Having Fun with Google Custom Search API and Java

Lets talk about the most awesome site of world, Google.  Google started as a search site and it supports over 100 billion searches a month. How does it do it? Here are some facts

  1. There are more than 60 Trillion individual Web Pages.
  2. Google navigates these pages by crawling.
  3. Once it crawls the pages it adds them to a massive index where the URL of page is stored with URL content as key.
  4. Now when you go and search on Google, it uses programs based on complicated algorithms to generate and produce search result.
  5. While ranking the URLs, Google considers more than 200 factors in consideration some of them are freshness, keyword density, site quality, relevance, synonyms etc.
  6. According to some estimate about 60% of internet traffic is non human and about 50% of this non human traffic is malicious. Also there are lots of malicious site which are intent on harming users. Google constantly works on blacklisting these pages and prevent spamming.
  7. For doing all these tasks, Google uses a total of 1 million servers approximately.

These are impressive stats.  Let us suppose that you want to have a Google like search feature on your site.  But instead of searching entire internet, you want to generate results only from a selected group of sites.

Lets say I want to create a search feature which indexes and searches only on Java Blogs. There are many tools and APIs available in different language that allows us to crawl, index and provide us the desired search result. In other words you can create your own search engine. But would your search engine be as available and robust as Google’s? Answer is,  perhaps, but it it will take lots of resources and time to do so. 

There is another approach and Google provides the alternative itself.

Google Custom Search API

Google Custom Search enables you to create a search engine for your website, your blog, or a collection of websites. You can configure your search engine to search both web pages and images. You can fine-tune the ranking, customize the look and feel of the search results, and invite your friends or trusted users to help you build your custom search engine. (Taken from google API tutorial doc).

In this post we will walk through how to create a custom Google search engine for a website and have some fun in turn. Without any further ado let us jump to the to-do steps.

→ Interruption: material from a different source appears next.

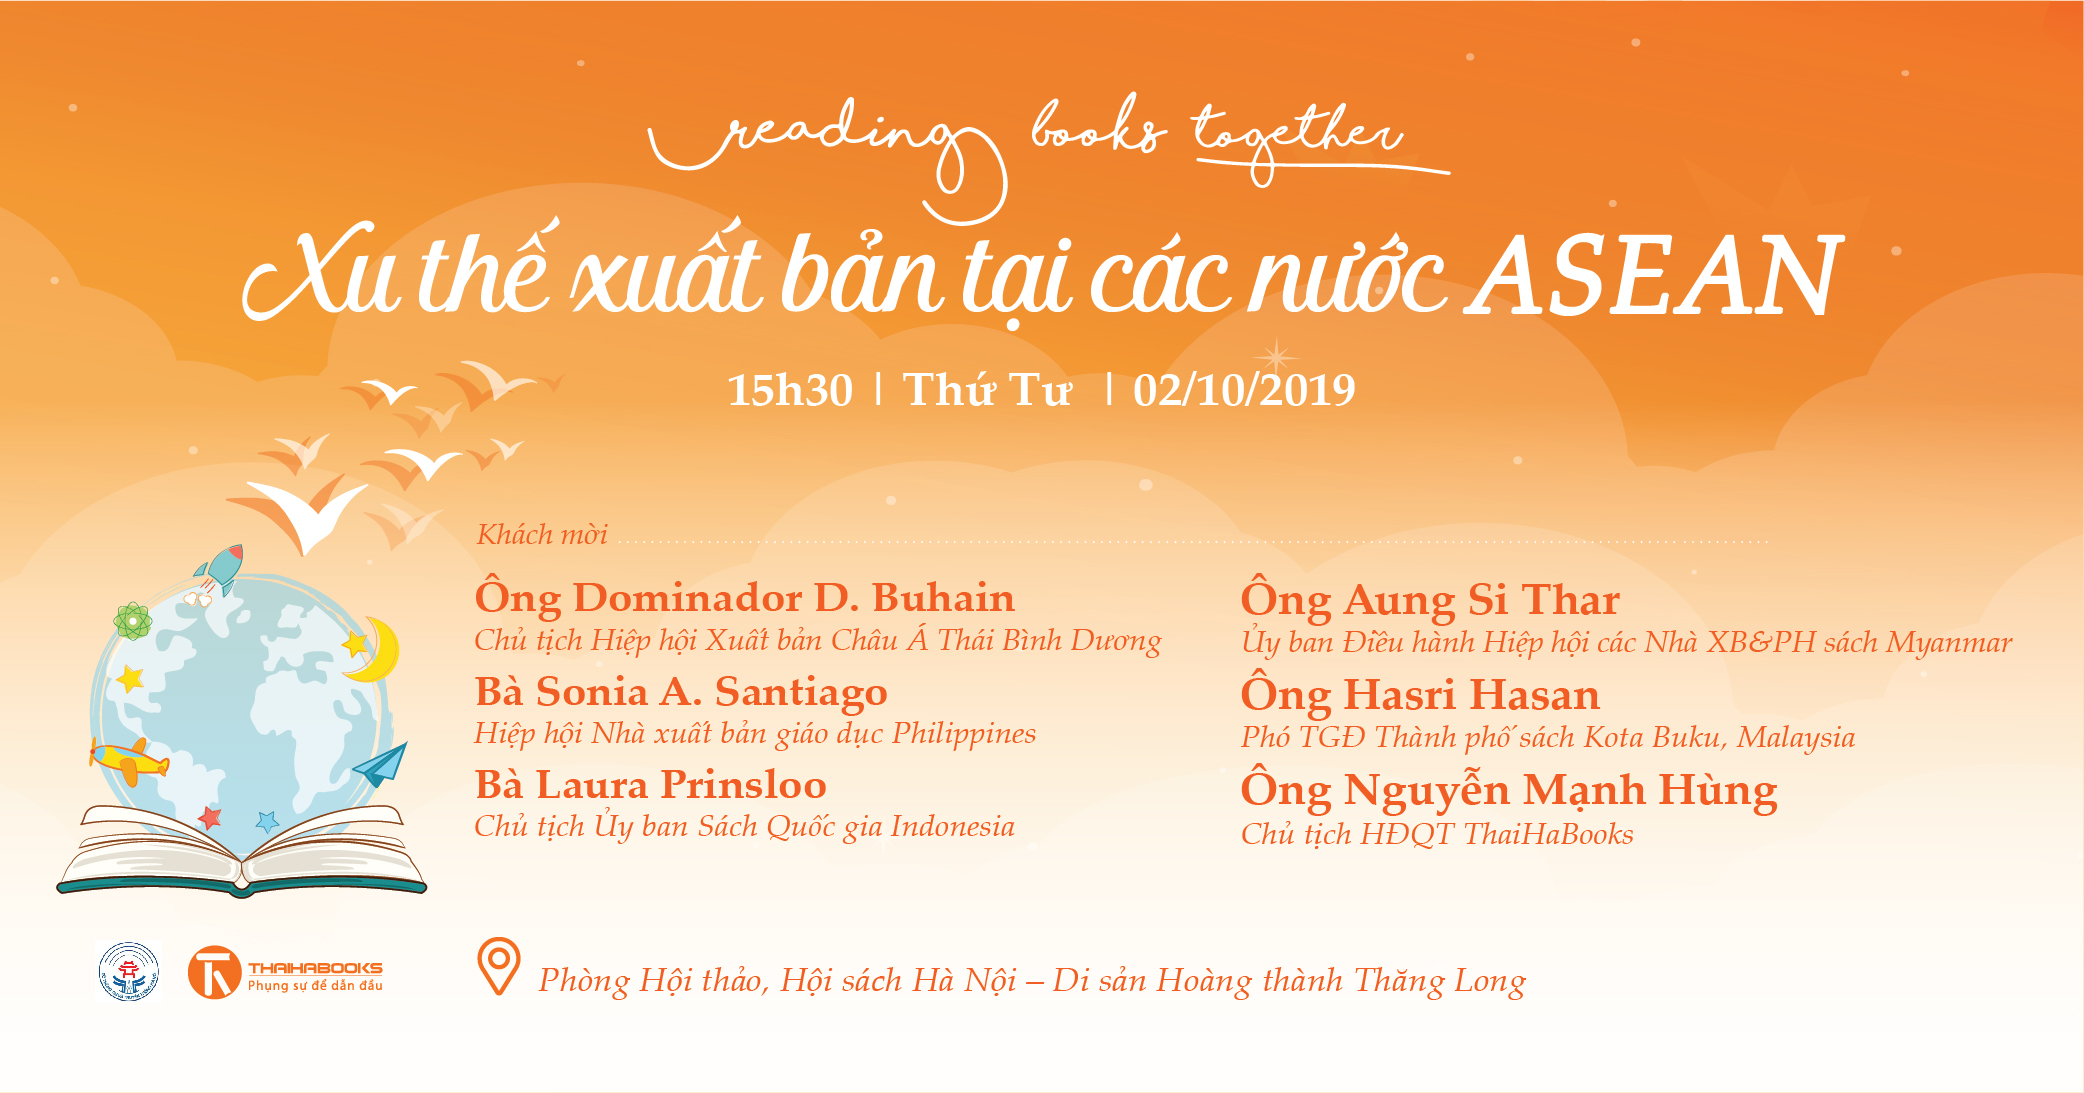 Xu thế xuất bản tại các nước ASEAN
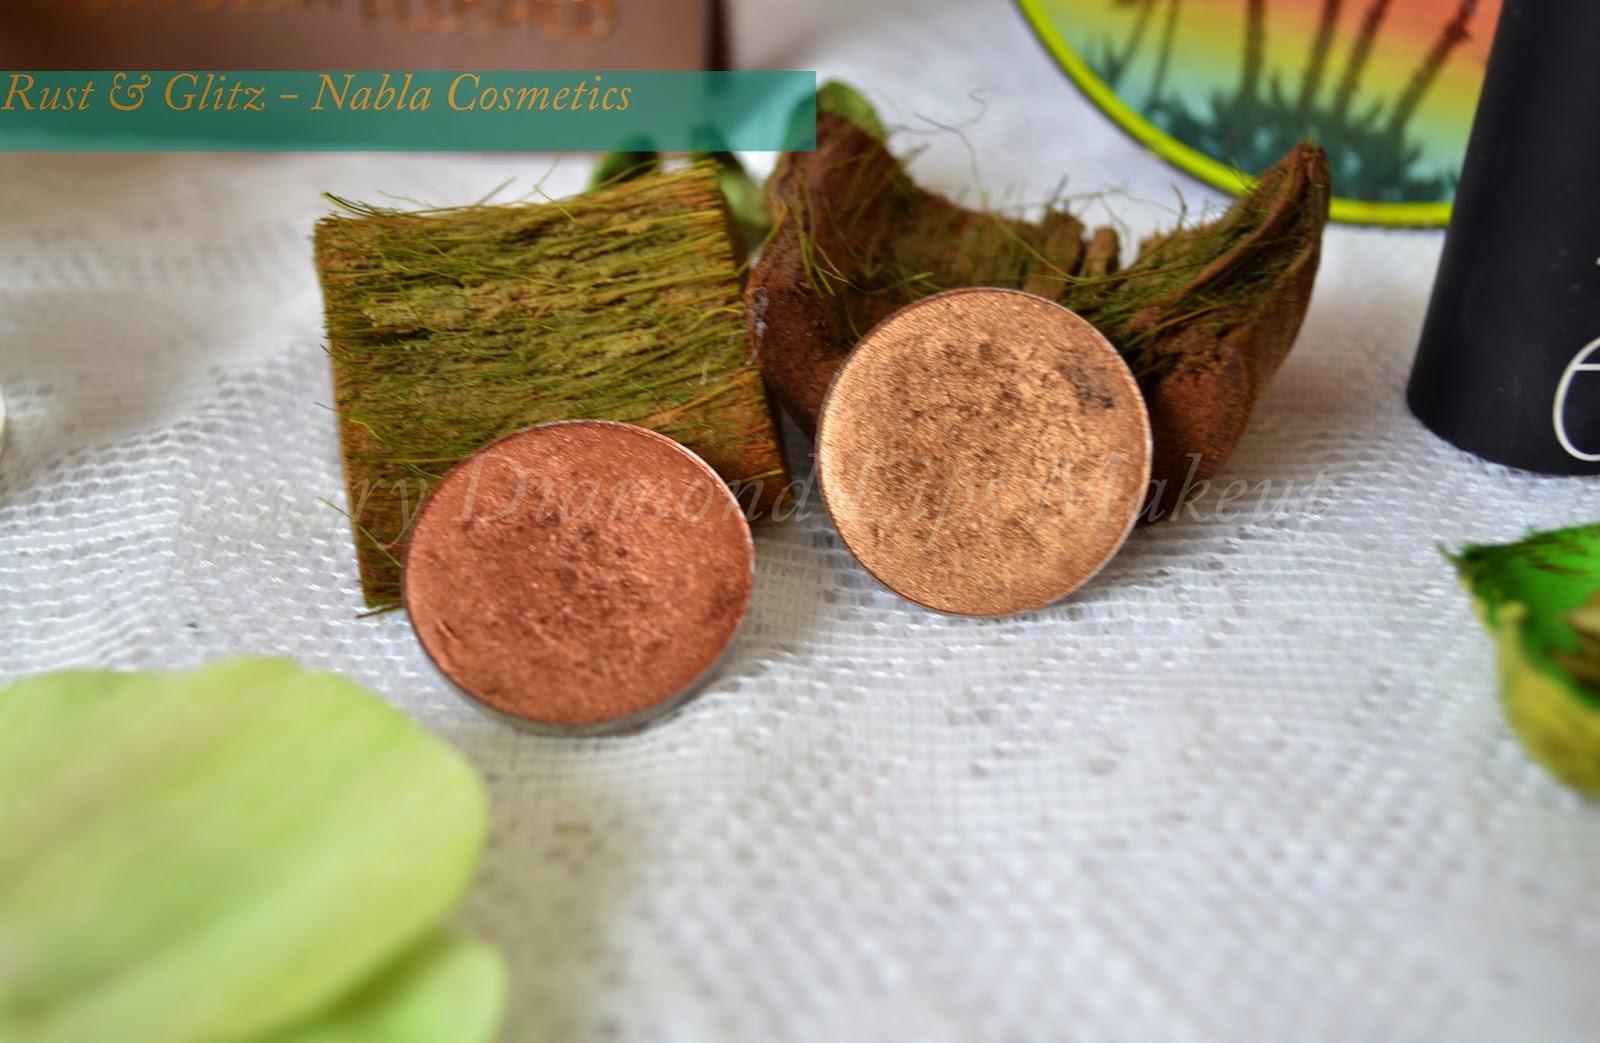 Rust & Glitz - Nabla Cosmetics

As first step you need to actually create a search engine. There are two varieties

  1. Custom Google Search – This is free and can be accessed via https://www.google.com/cse/all
  2. Google Site Search – This is a more powerful and paid version of google search. The details can be found here. here http://www.google.com/enterprise/search/products/gss.html

For this tutorial we will use the free one and then we will try using api to create our own Custom search using it. Steps are below.

Step 1 – Create a search engine.

  1. For this visit the following link https://www.google.com/cse/manage/all
  2. Click on Add button. This will open create Custom Google Search Page
  3. First enter all the urls you wish to index and search against. You can choose as many as you want. I mostly choose java blogs like dzone, ibm, theserverside etc.
  4. Now enter the name of your search engine and save it.
  5. Now your search engine is created and you can go there and play with your searches.  Here is mine for your referral Weblog4j Search. Search for java and software related terms and you will get awesome results. You can customize the search page to some extent.

Steps 2 – Get the search engine id.

  1. Go to https://www.google.com/cse/manage/all.
  2. Click on the search engine you created.
  3. Go to Basic tab and find details. There is a button “Search Engine Id”. Click on the button and you will get the search engine id in the pop up. Save the id in a text file for later reference.

Step 3 – Getting the API key.

  1. Playing with json/atom custom search API requires an API key. 
  2. Go to Google Cloud Console.
  3. Create a new project and activate it. Now the project will be listed on console page. Click on the project created.
  4. On the page look at the left hand bar. Go to APIs and Auth -> API. This page list Google cloud APIs.  Find “Custom Search API” from the list and toggle it to ON.
  5. Now click on Credentials. You will find a Panel “Public API access”. Click on “Create New Key” button. On resultant popup click on Server Key.
  6. A new pop up opens. It will ask for IP which should be permitted to use the key. You can leave it empty and create the key.
  7. Copy and save the key at a secret location.

Google Custom Search API

So Now we have the search engine to play with, search engine id and API key and we are ready to get hands dirty with some code. API Overview.

  1. It is a REST api with a single method called list.
  2. The API method is GET.
  3. The response data is returned as a JSON or ATOM type.
  4. The response consists of 1. Actual search result 2. Metadata for search like number of  results, alternative search queries 3.Custom search engine metadata.
  5. The data model depends on OpenSearch 1.1 specification.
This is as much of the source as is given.